Example 21 provides the one or more non-transitory computer-readable media of any of examples 15-20, where the plurality of windows is a plurality of first windows, and where the operations further include augmenting the plurality of first windows to generate a plurality of augmented windows including variations of each of the plurality of first windows.

Example 22 provides the one or more non-transitory computer-readable media of example 21, where augmenting the plurality of first windows includes applying at least one of: additive white Gaussian noise, room impulse response convolution, codec compression, and resampling.

Example 23 provides the one or more non-transitory computer-readable media of any one of examples 15-22, where the neural network is a pretrained, speaker-independent deepfake detector.

Example 24 provides the one or more non-transitory computer-readable media of any one of examples 15-23, where segmenting the one or more verified audio input signals into a plurality of windows includes sliding-window segmentation and the plurality of windows include a plurality of overlapping windows.

Example 25 provides the one or more non-transitory computer-readable media of any one of examples 15-24, where determining the score distribution further includes determining a non-parametric estimate selected from a histogram, a kernel density estimate, or an empirical cumulative distribution function.

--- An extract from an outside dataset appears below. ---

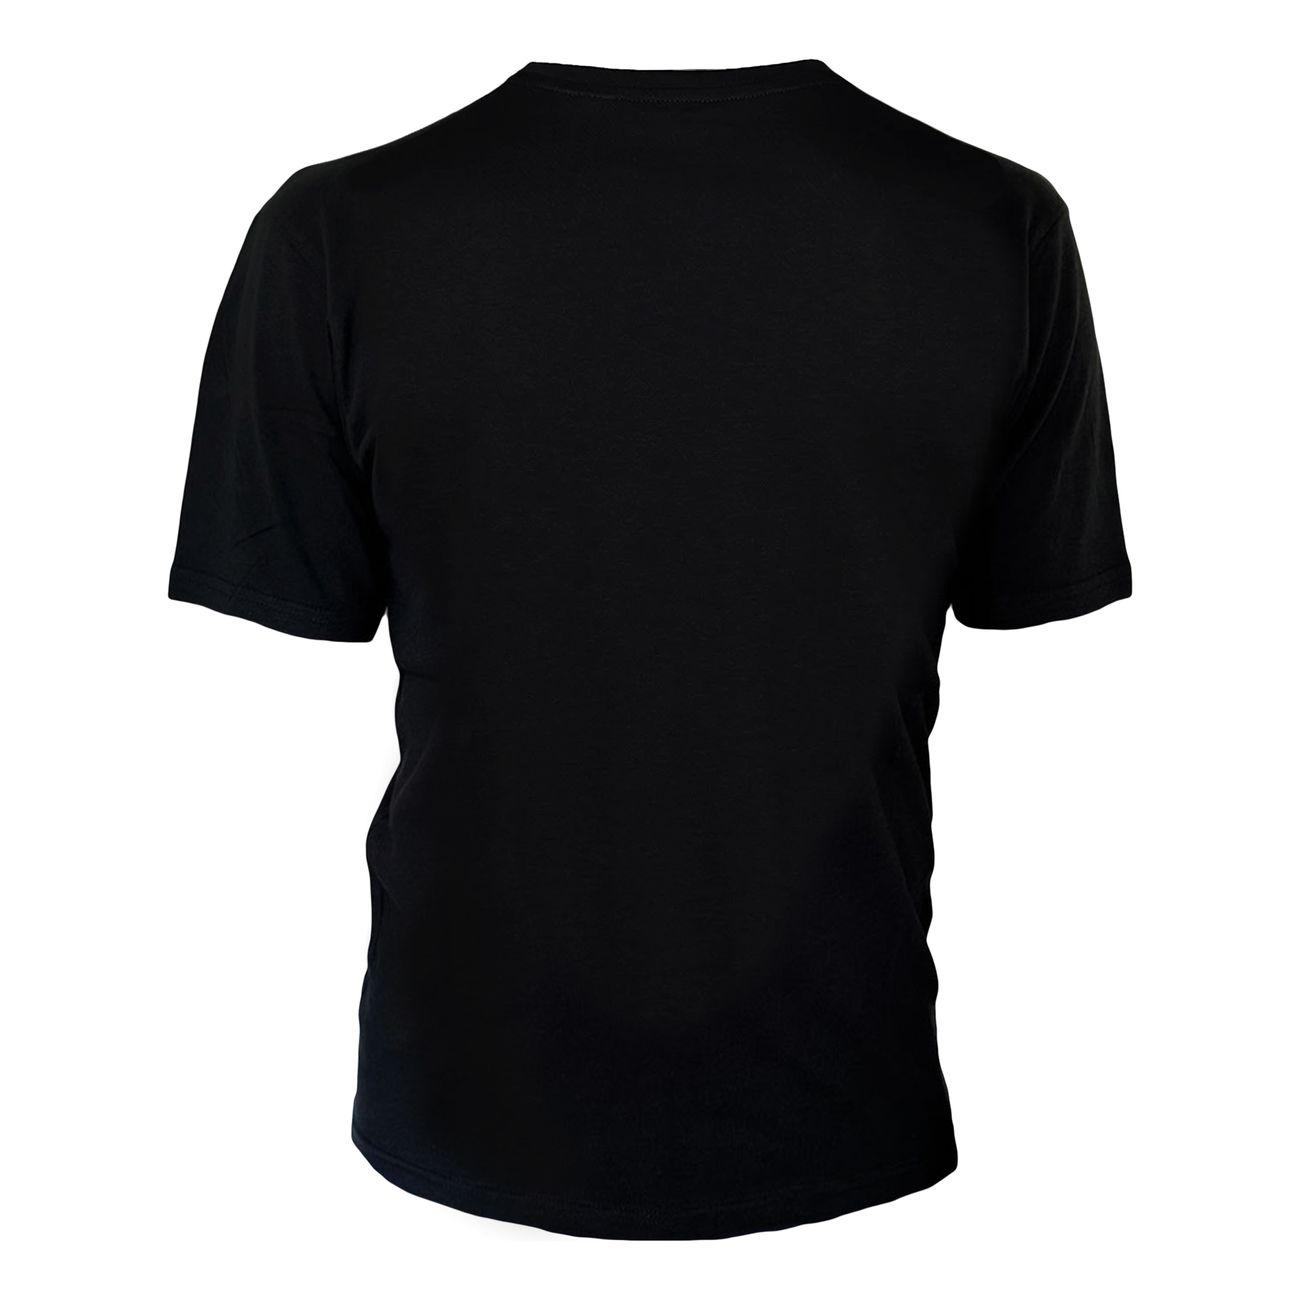 tuxedo-t-shirt-97426-5

Example 26 provides the one or more non-transitory computer-readable media of any of examples 15-25, where the operations further include calibrating deepfake scores prior to determining that the unverified audio input signal is one of authentic or fake.

Example 27 provides the one or more non-transitory computer-readable media of any of examples 15-26, where the operations further include pre-processing the one or more verified audio input signals and the unverified audio input signal by at least one of: signal standardization, band pass filtering, amplitude normalization, random power scaling and fixed power normalization.

Example 28 provides the one or more non-transitory computer-readable media of any of examples 15-27, where generating the test score for the unverified audio input signal includes windowing the unverified audio input signal into second windows and aggregating per window test scores.

Example 29 provides a computer-implemented method for deepfake detection, including receiving an unverified audio input signal of speech from a target speaker; receiving one or more verified audio input signals of speech from the target speaker; segmenting the one or more verified audio input signals into a plurality of windows; generating, at a neural network, a plurality of deepfake scores for the one or more verified audio input signals, including generating a respective deepfake score for each of the plurality of windows; determining a score distribution across the plurality of deepfake scores; generating, at the neural network, a test score for the unverified audio input signal; and determining, based on the test score and the score distribution, that the unverified audio input signal is one of authentic or fake.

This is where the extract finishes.